LADY HEALTH WORKERS IN RURAL AREAS: There has been a lot of awareness about thalassemia in major cities. In rural areas situation is entirely different where 65 per cent of our people live. Seventy thousand to 100,000 lady health workers (LHW) working under MOH provide advice to families in rural areas on safe motherhood, malnutrition, child spacing, vaccination and common communicable diseases. It is important that thalassemia prevention be incorporated in National Programme for Family Planning & Primary Health Care so that the network of LHW can be utilized to disseminate information about this preventable disorder.

LHW would need to educate the families about mode of inheritance, carrier screening, inter-family marriages, preventive counselling, small family size and prenatal diagnosis.
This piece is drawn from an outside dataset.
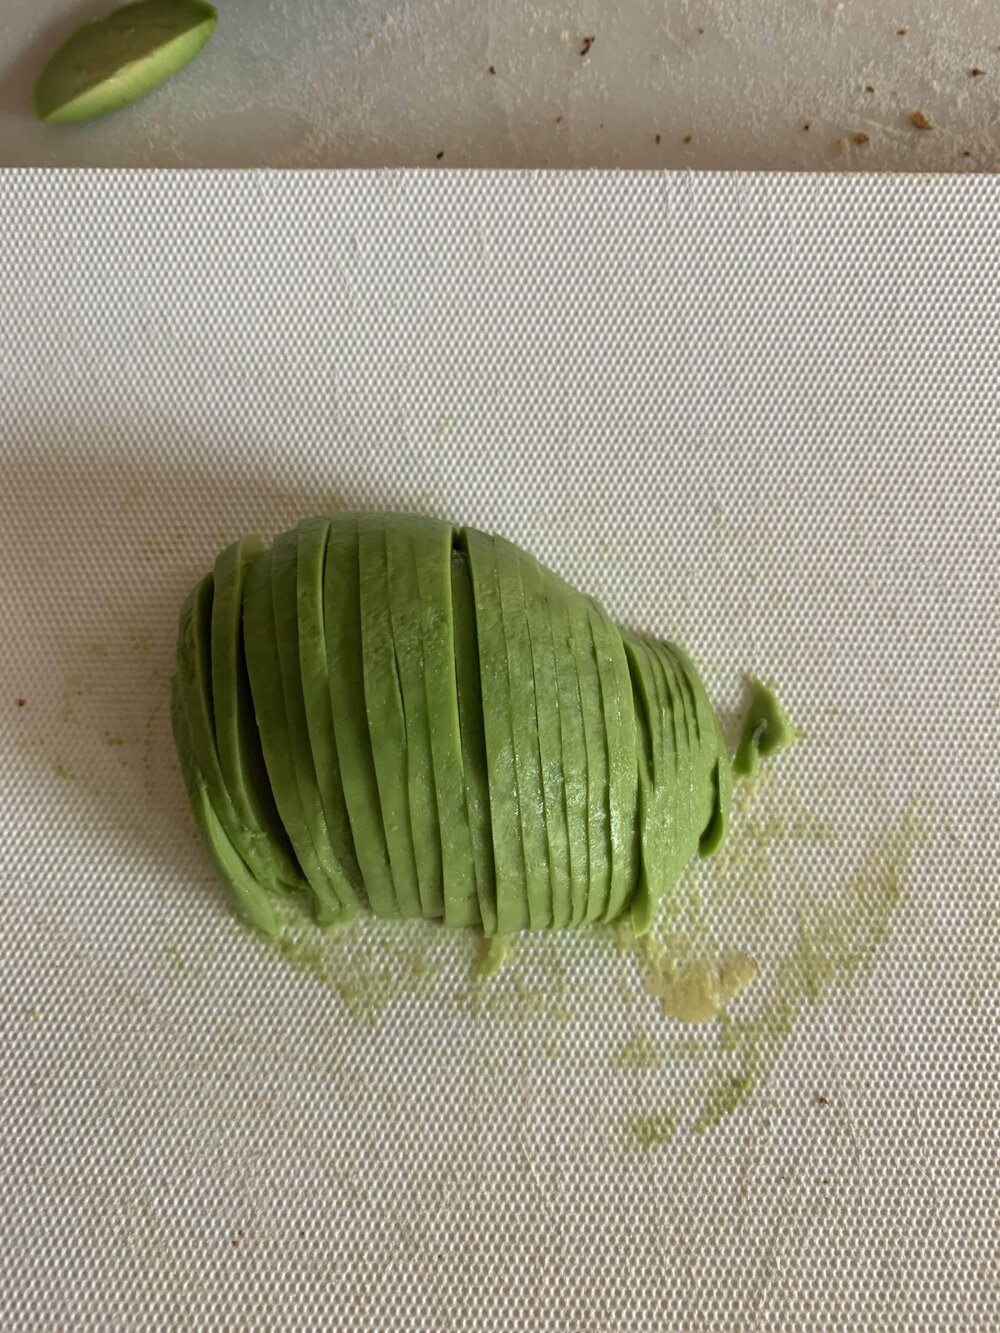 Step 4: Slice the avocado thinly
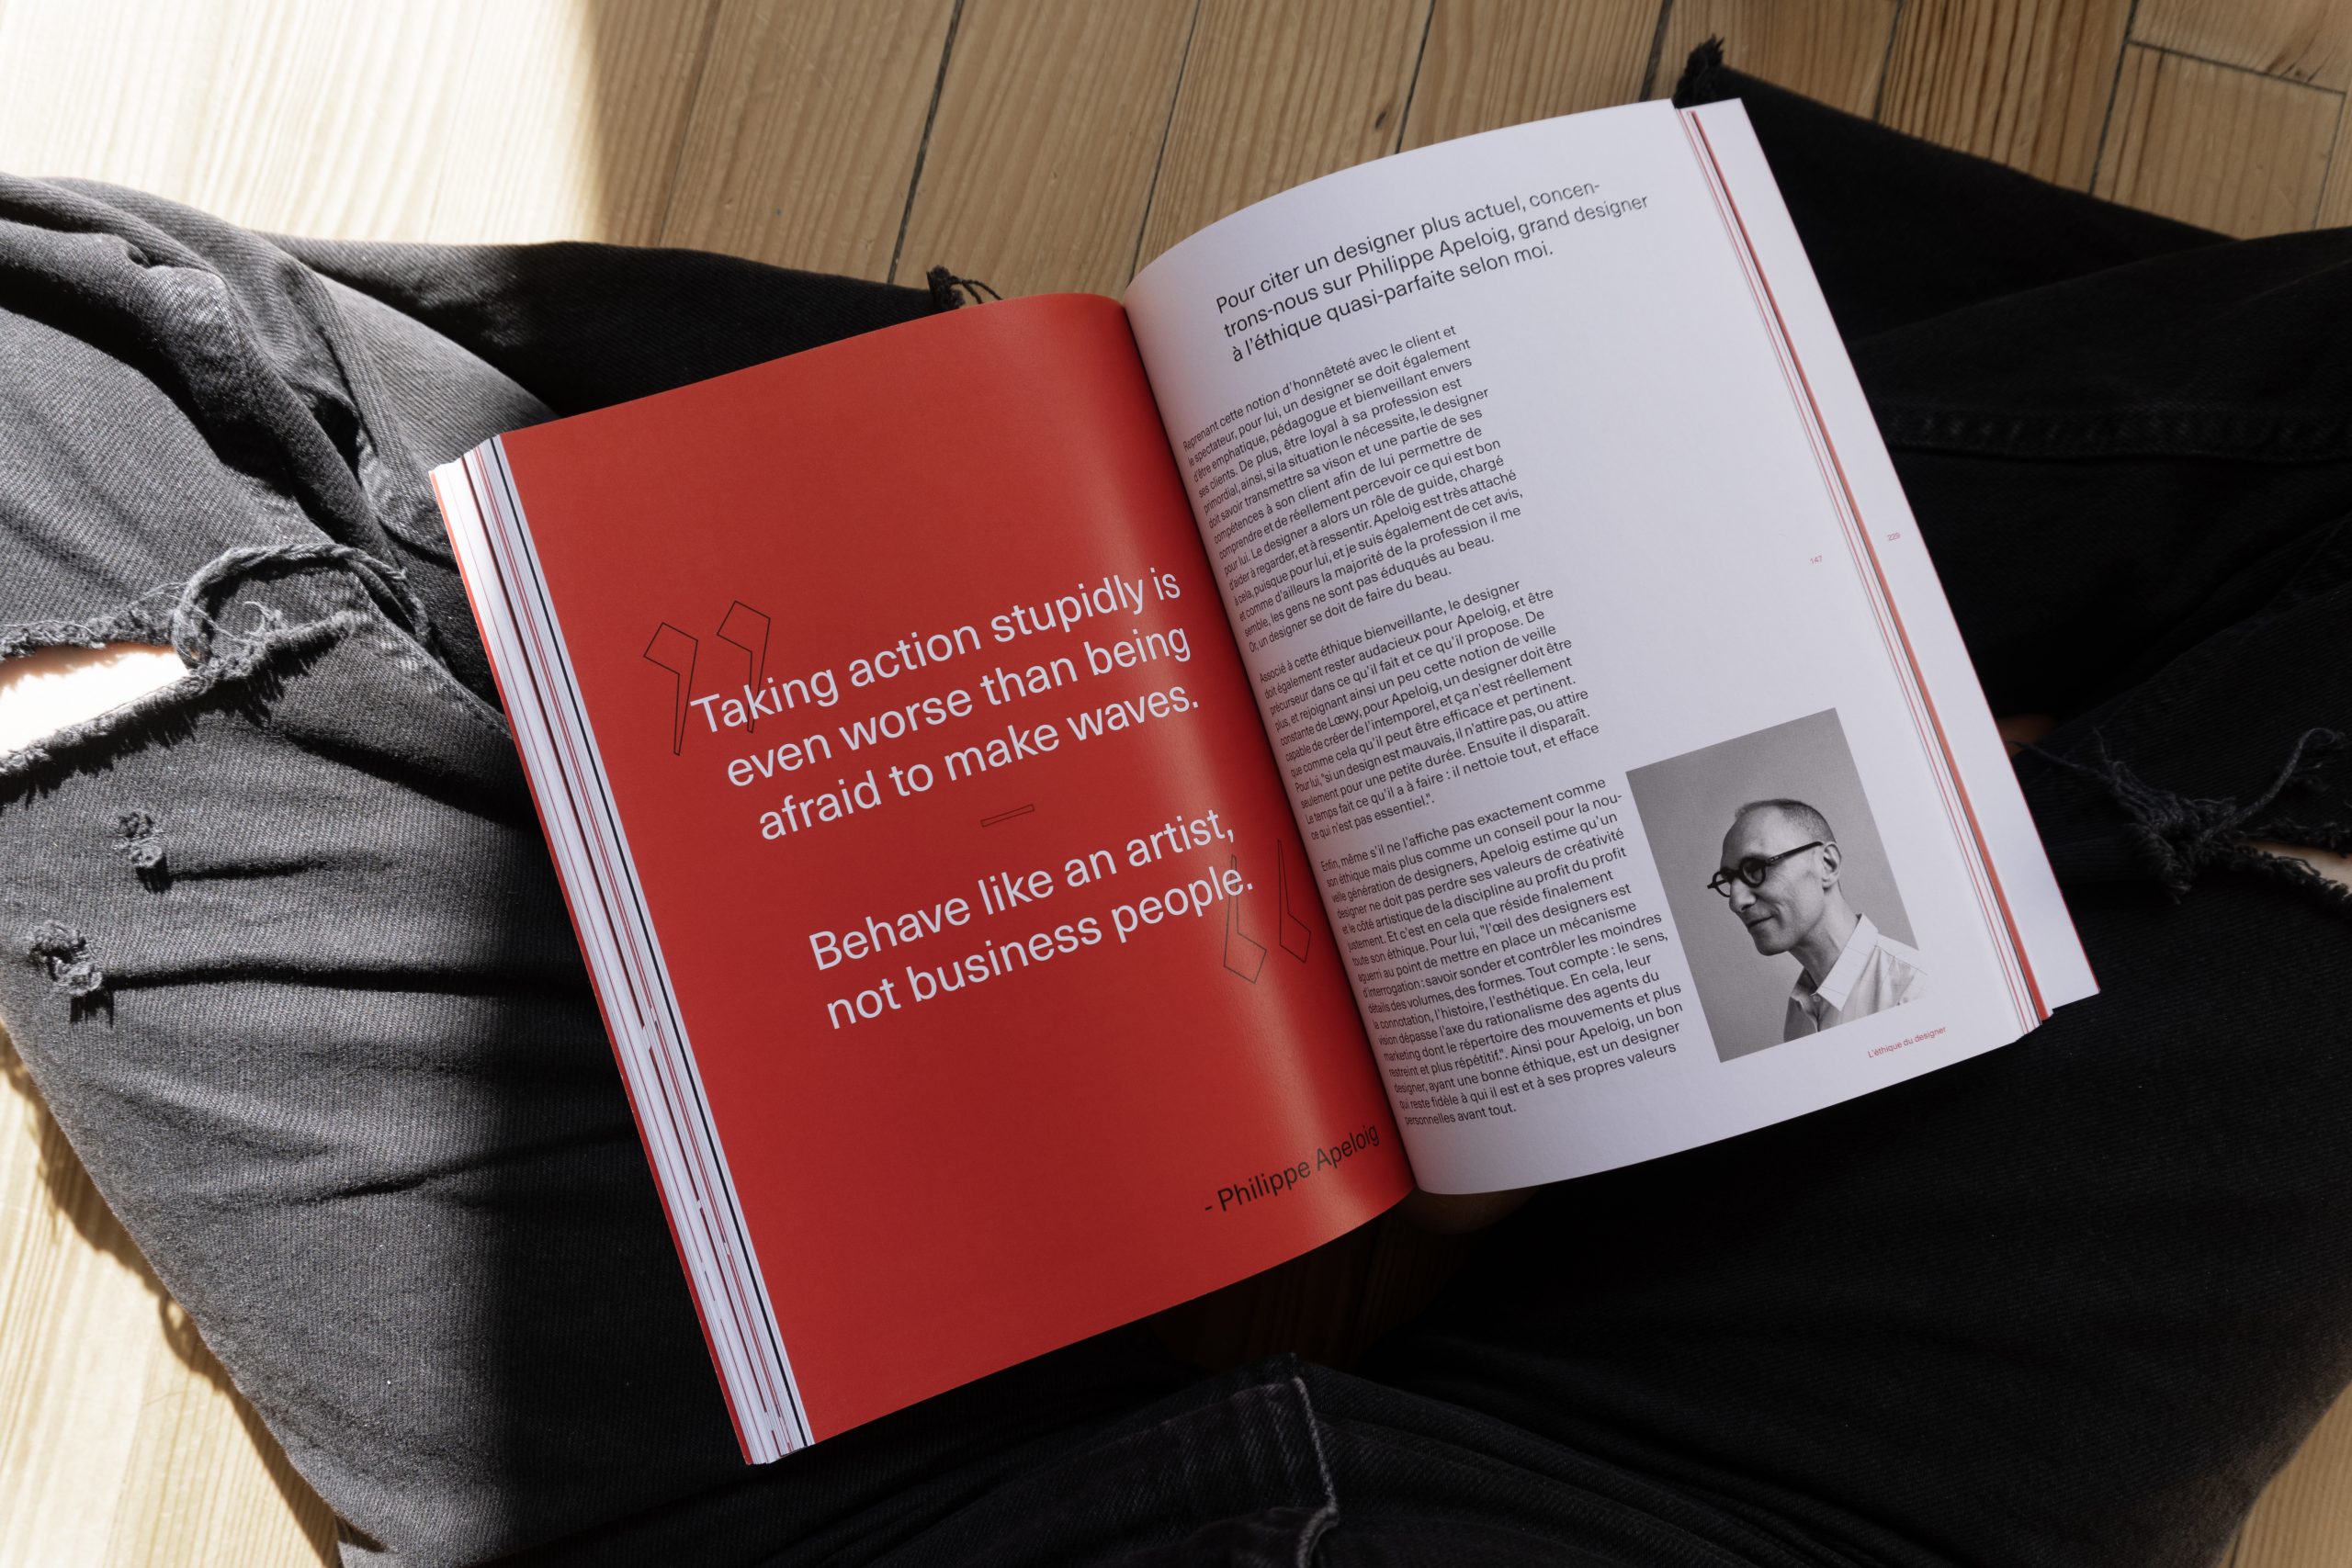 Visuel de l'intérieur du livre montrant une citation et une photographie de Philippe Apeloig dans le chapitre sur l'éthique du designer.

This would be a very cost effective approach to educate the rural masses.

 

ROLE OF INSTITUTIONAL HEADS/HOSPITAL DIRECTORS:

* Create facility for chronic villous sampling in major public hospitals. Maybe one in each province would suffice initially.

* Standardize laboratory services with availability of thalassemia screening and confirmatory tests in all teaching Hospitals.

POLITICAL, RELIGIOUS AND COMMUNITY LEADERSHIP: In developing countries with low literacy rate, political leaders, religious scholars and various community heads are like “gods and goddess”. They can be very effective in motivating the masses, Philanthropists and media about disease prevention. Also they can utilize their high profile presence to pursue the officials to initiate national programmes for thalassemia prevention and eradication.

 

ROLE OF GOVERNMENT:

* Poverty alleviation plans to be strengthened because almost 60-90 per cent thalassemics belong to poor socio-economic status and most are from rural/sub-urban area.

* Ministries of Health, Education and Social/Women welfare need to work together. As a first step they should use electronic and print media to educate masses about disease prevention.

* International funding should be sought to raise national plans and protocols.

* Technical assistance should sought from Thalassemia International Federation (TIF).

Dissemination of information to the community is the most important and cost effective way in preventive strategies. Hundreds and thousands people get motivated and take steps for disease prevention and eradication at individual and community level. Meanwhile it is important that thalassemia is incorporated in national health plans and preventive programmes are initiated at national level.